*Task details:* Output the listing word for word, minus images.
#### Data provided
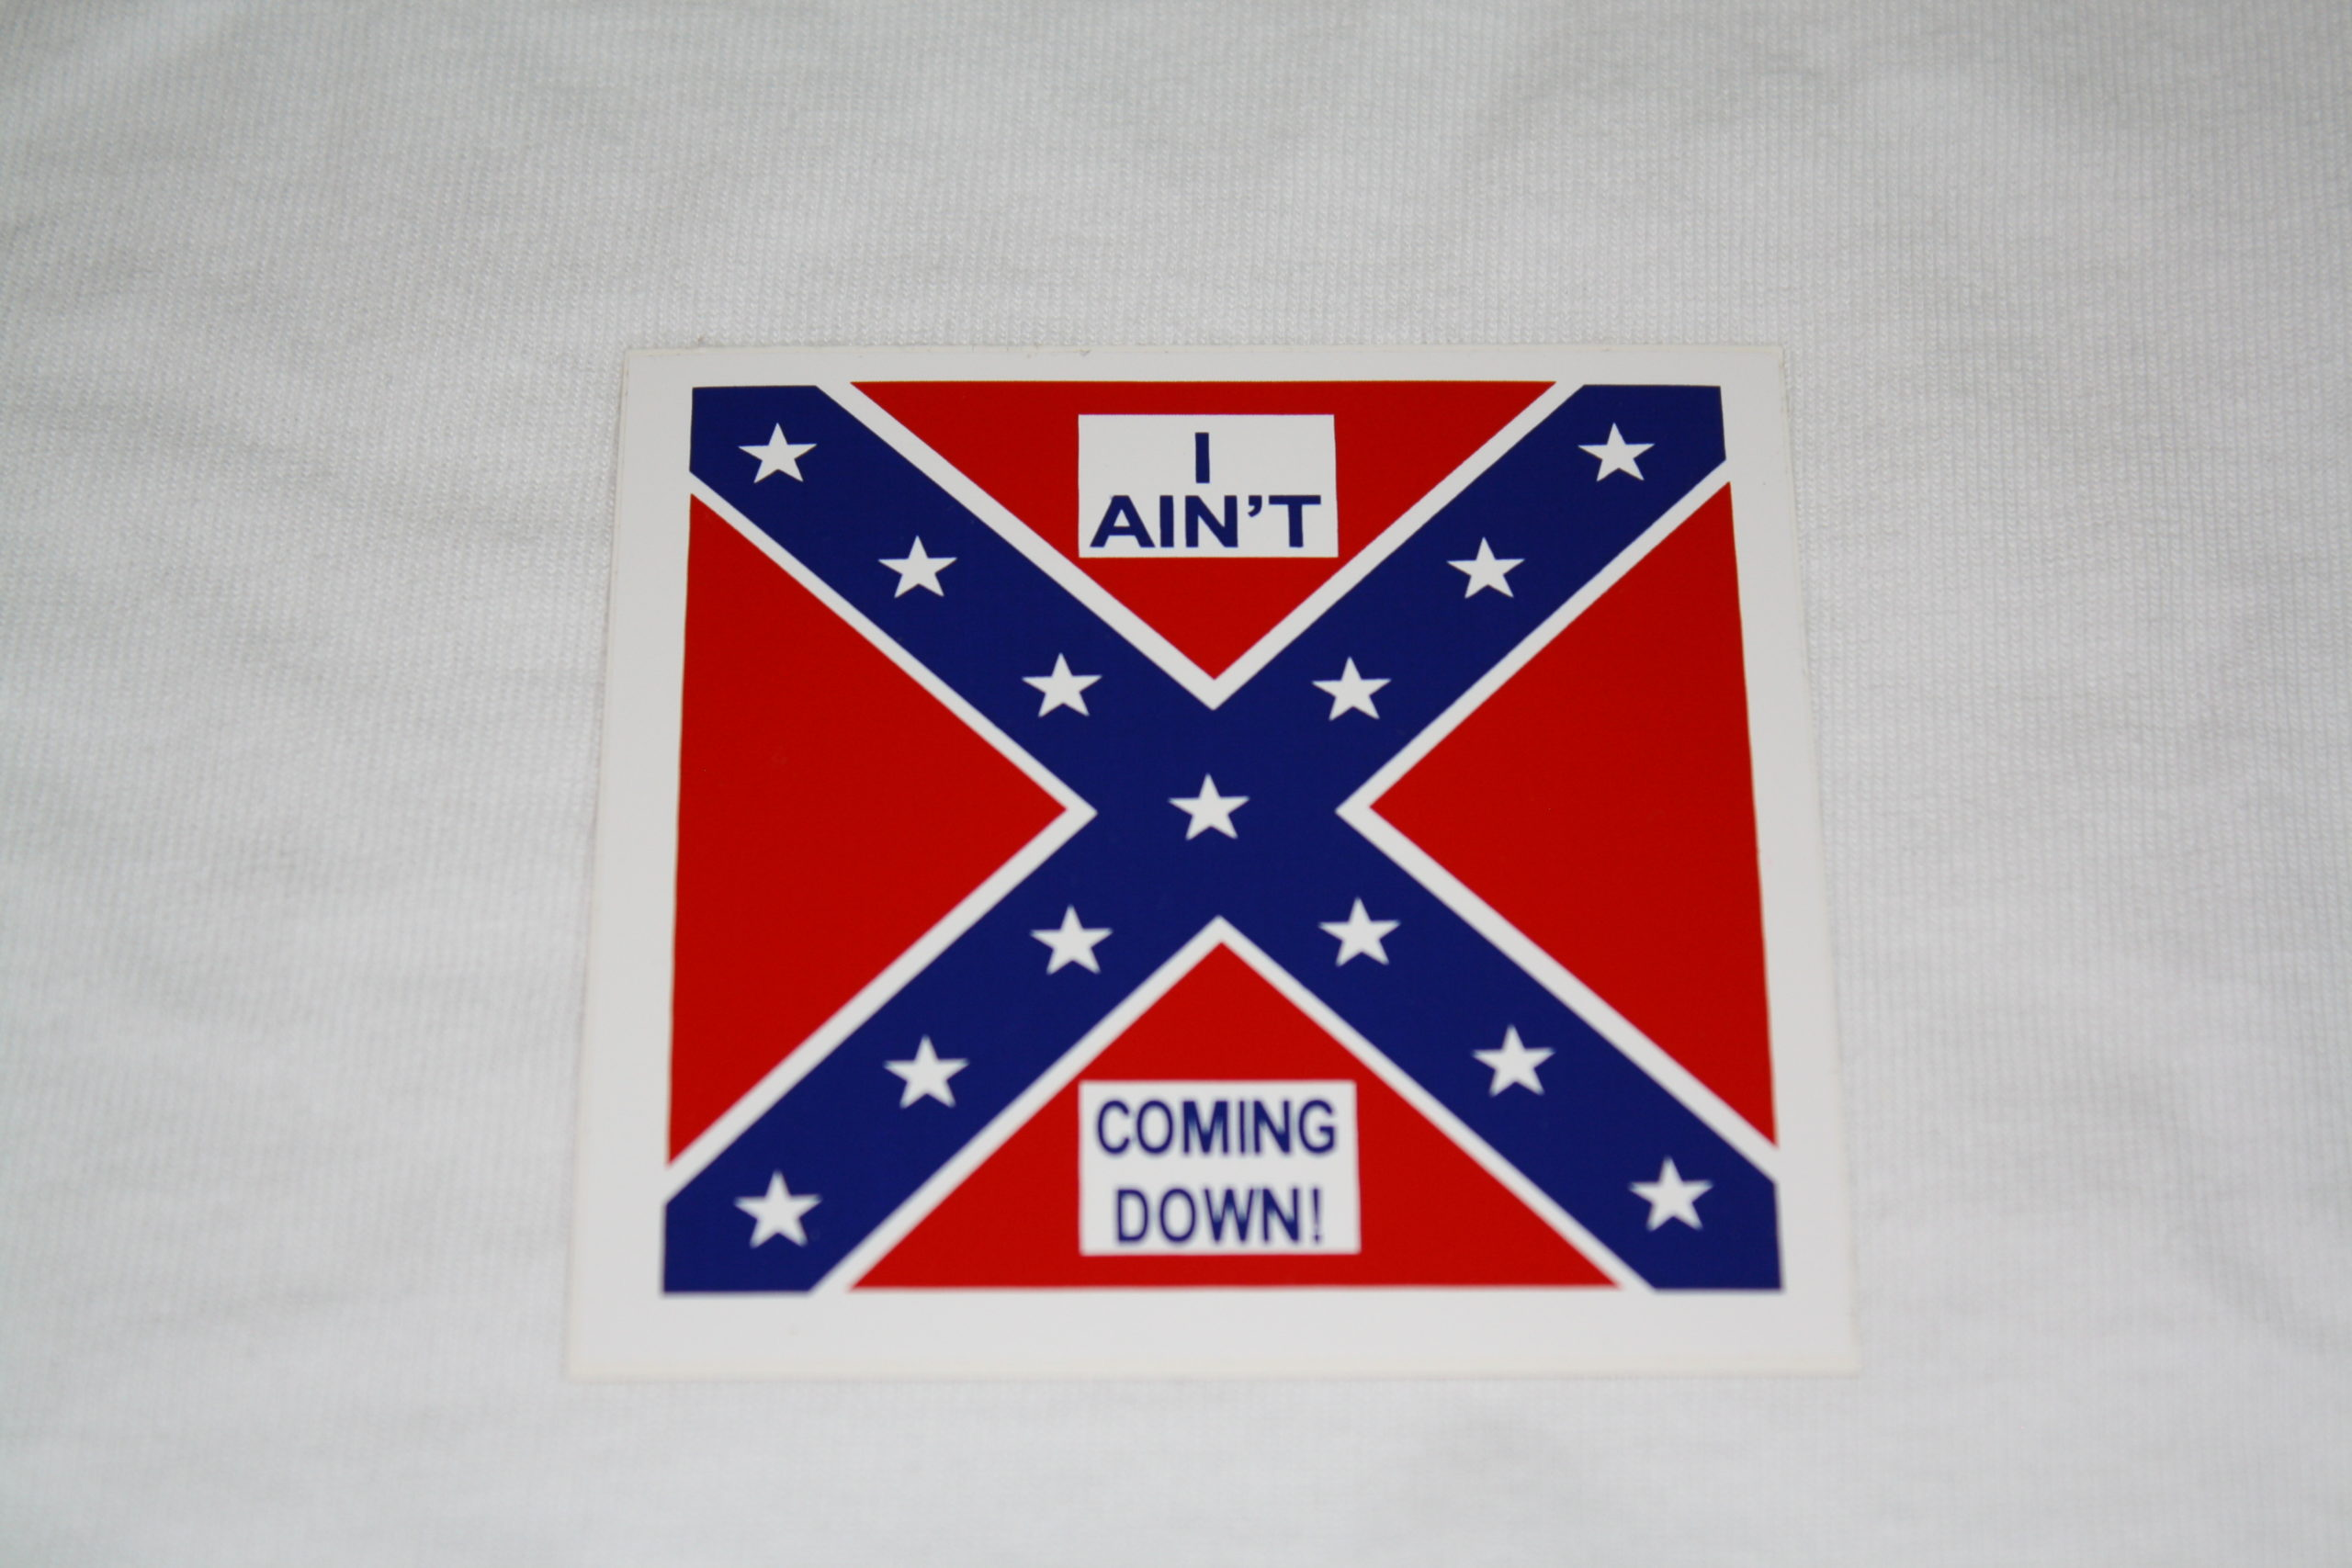 I Ain't Coming Down - Small Sticker
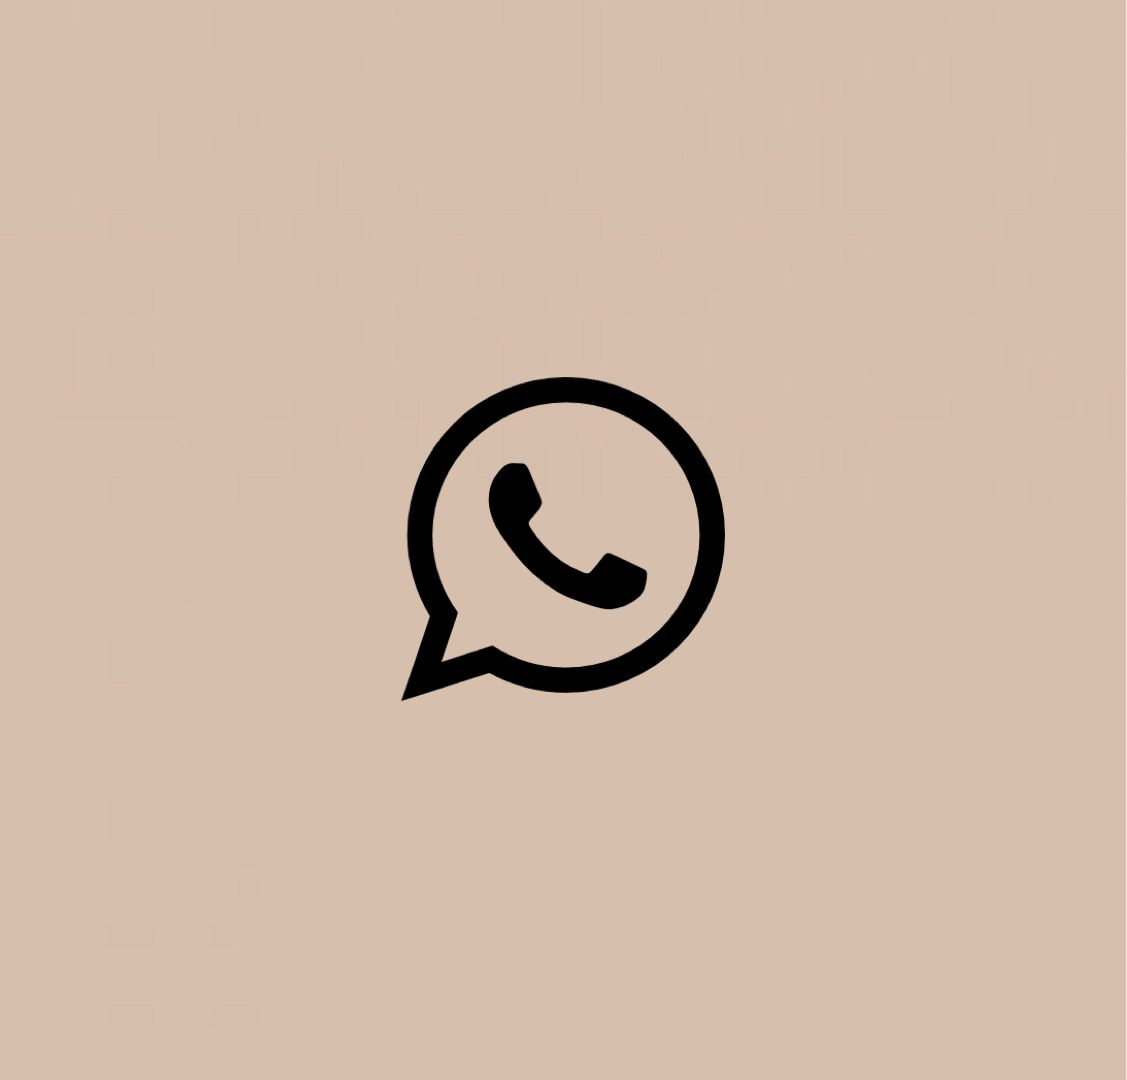 Ios 14 App Cover Whatsapp Anwendungssymbol Symbol
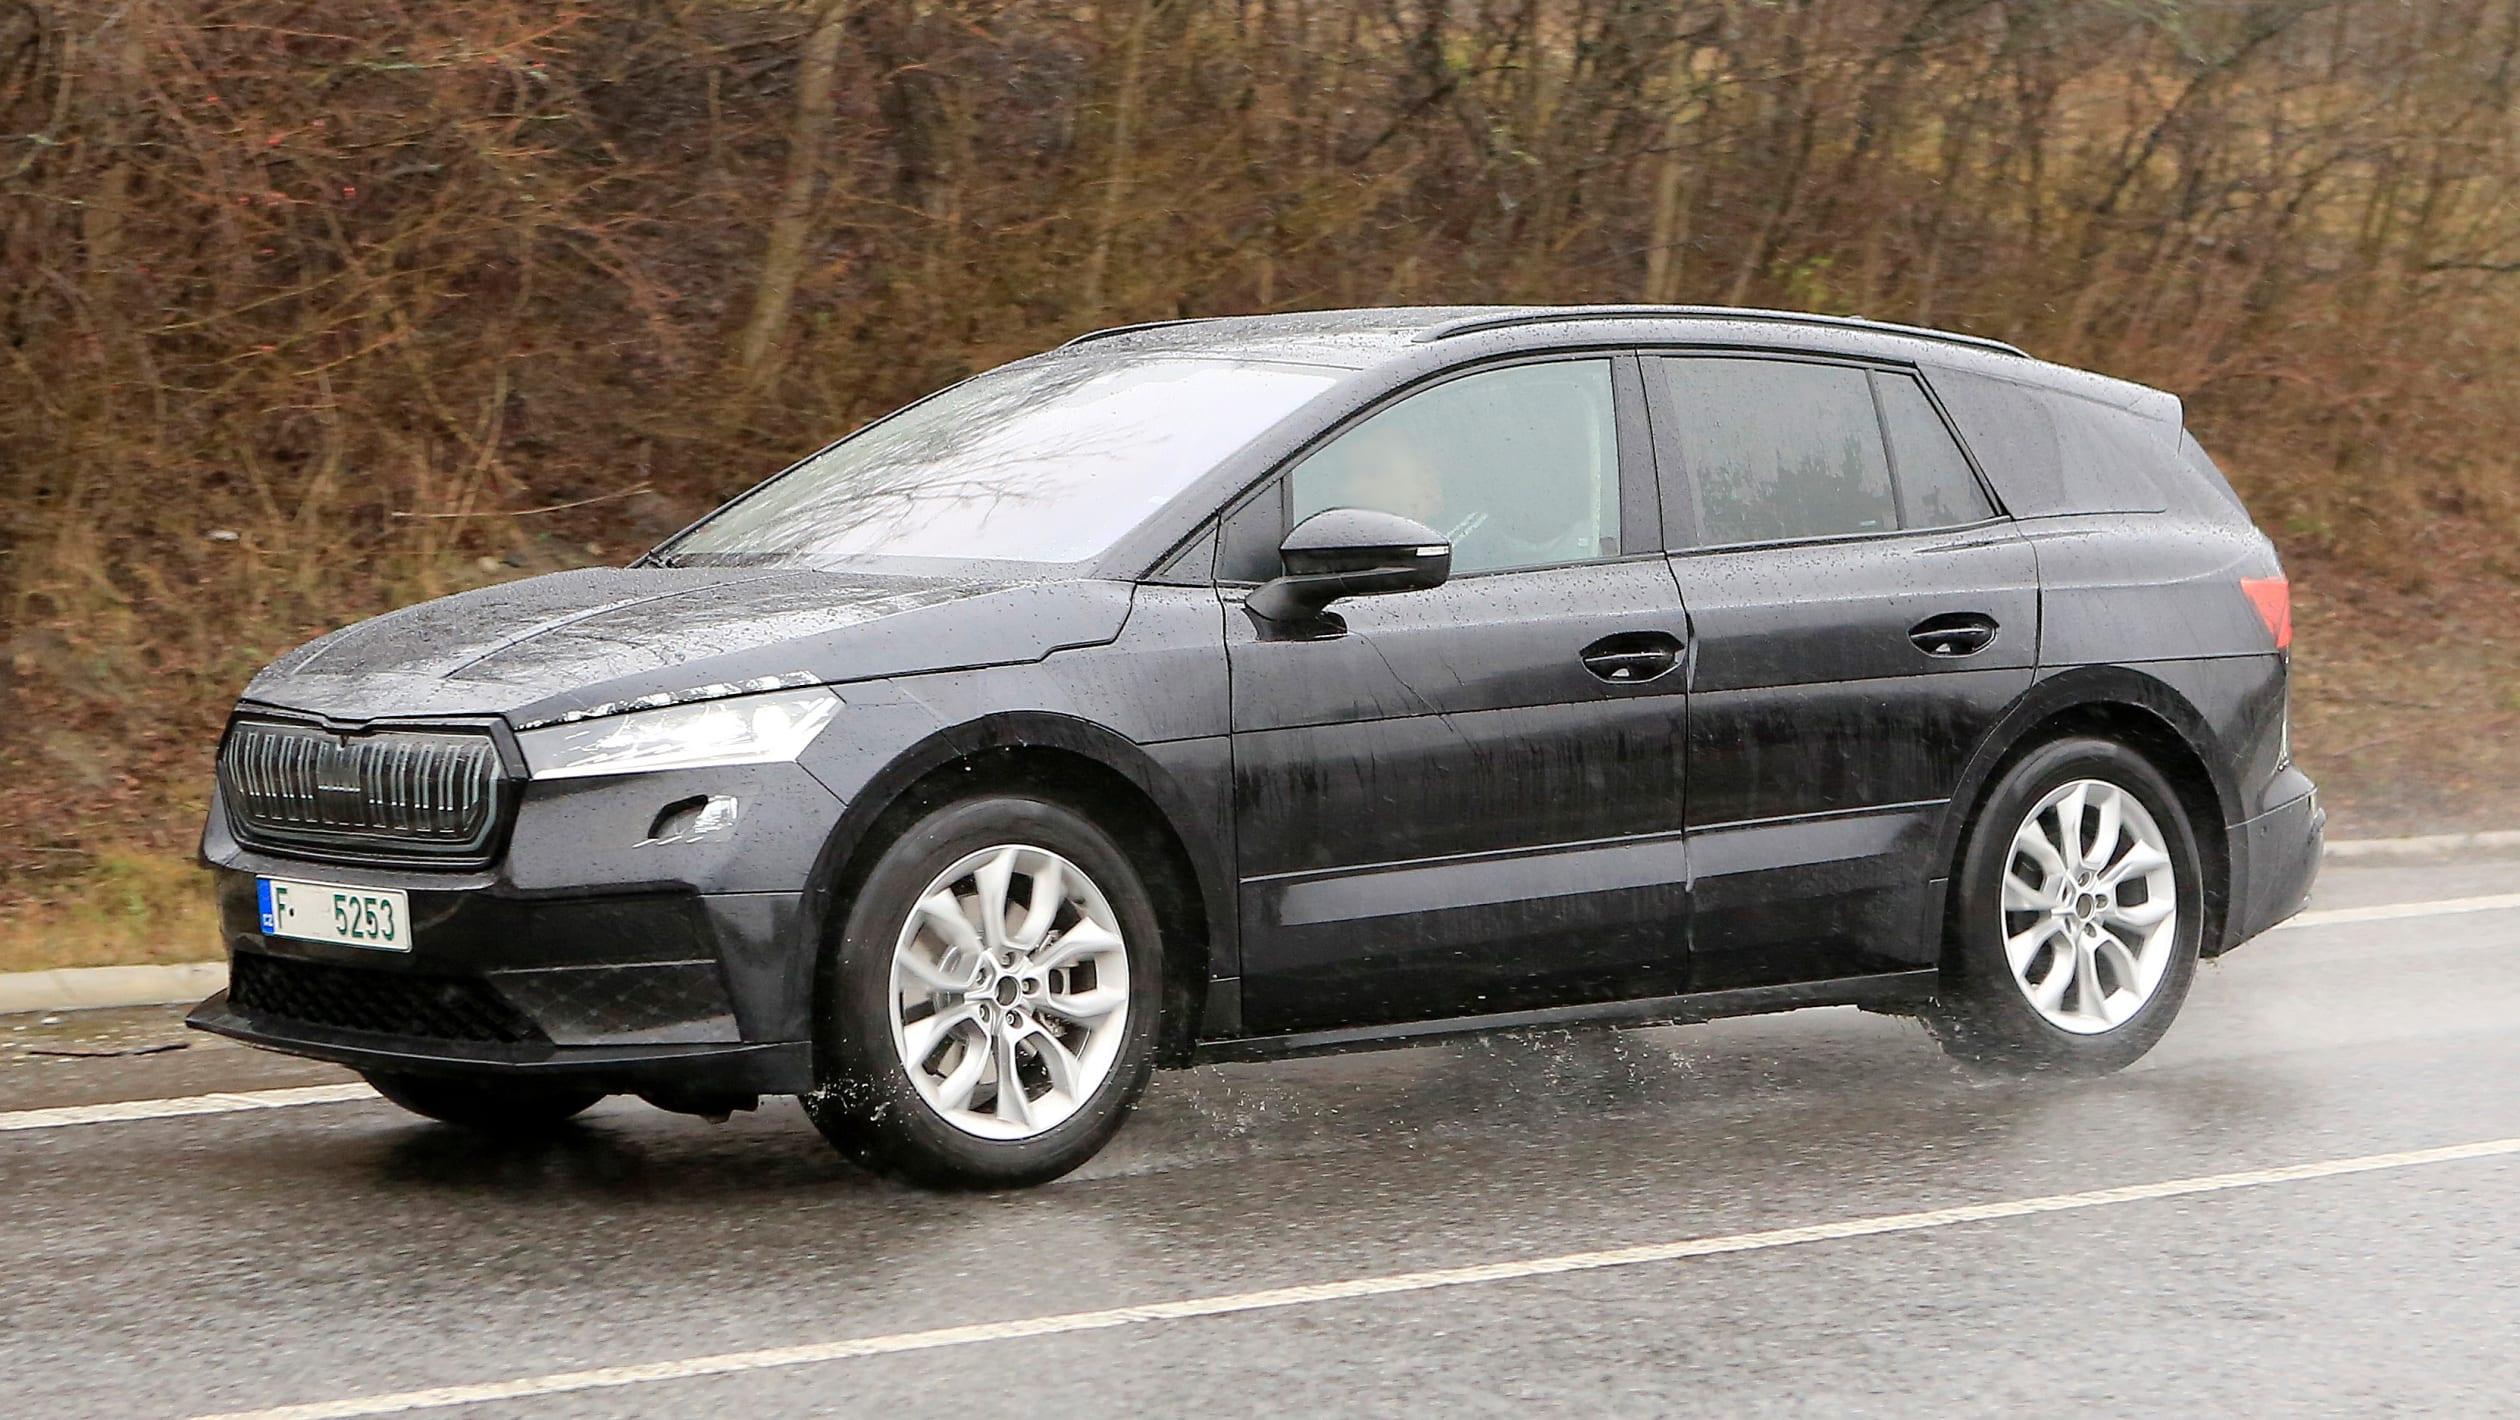 2021 - [Skoda] SUV EV - Page 3 2021%20Skoda%20Enyaq%20spied-4
########
*Solution to the problem:*
 I Ain't Coming Down - Small Sticker
 Ios 14 App Cover Whatsapp Anwendungssymbol Symbol
 2021 - [Skoda] SUV EV - Page 3 2021%20Skoda%20Enyaq%20spied-4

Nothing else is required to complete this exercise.